Fig 1. Overview of our proposed Pixel-aligned Feedback Fusion (PaFF) pipeline. (a) Pixel Alignment Feedback (PaF) Feature Extraction. (b) PaFF iteratively refines human body parameters’ estimation with the guidance of the PaF feature. (c) The task of multi-view feedback fusion is disentangled into three tasks - Multi-view Pose & Shape Fusion, Multi-view Orientation Estimation, and Multi-view Translation Estimation to incorporate camera parameters in the end-to-end model.

Fig 2. Multi-view Pose & Shape Feedback Fusion Module. a) The structure of pose & shape multi-view feedback fusion Module. b) Visualize vertices selected by max-pooling: The estimated meshes from the previous iteration and the sampled vertices are shown at the bottom. In the top images, we visualize the sampling vertex in each view that contributes most to one feature dimension of the fused feature. By looking at the selected vertices on the left arm and legs, we can find that the vertices which reflect more estimation misalignment are easier to be chosen.

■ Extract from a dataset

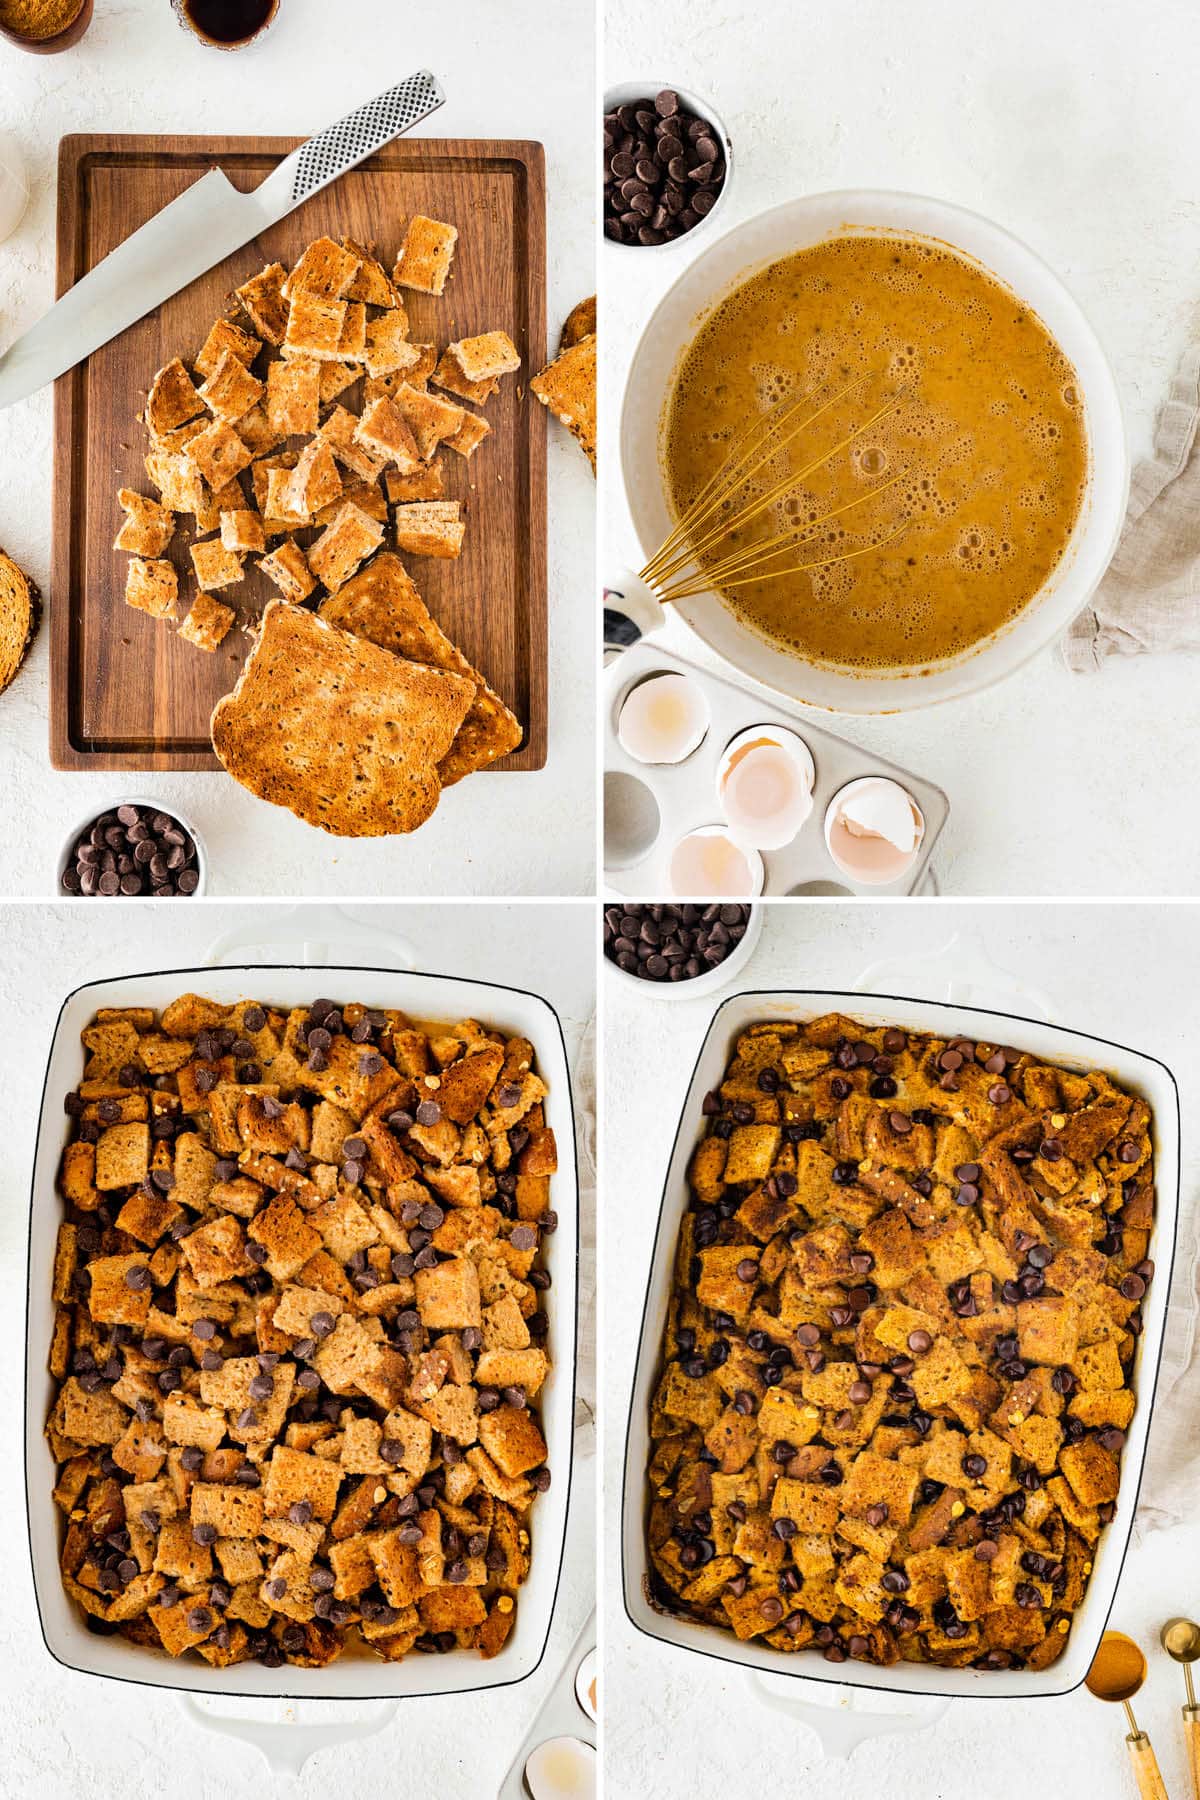 Collage of four photos showing the steps to make Pumpkin French Toast Casserole: cutting up slices of bread, whisking the pumpkin egg mixture, adding bread and egg mixture to a baking dish and then baking with chocolate chips on top.

Fig 3. Global Orientation Estimator. (a) Method iO and (b) Method fO are two options for Global Orientation Estimator; (c) shows the motivation of method fO that uses transformer fusion to collect multi-view body parts mis-alignment signals in order to avoid depth ambiguity and occlusion problems. Estimated models and feature sampling are visualized in the left images, while updated estimations are shown in the right images. Blue arrows indicate the correction rotation needed for each view’s estimation. Comparing the refinement effect in one iteration (k=2) of the two methods, method fO performs better in orientation estimation, which also leads to a better estimation of the right leg.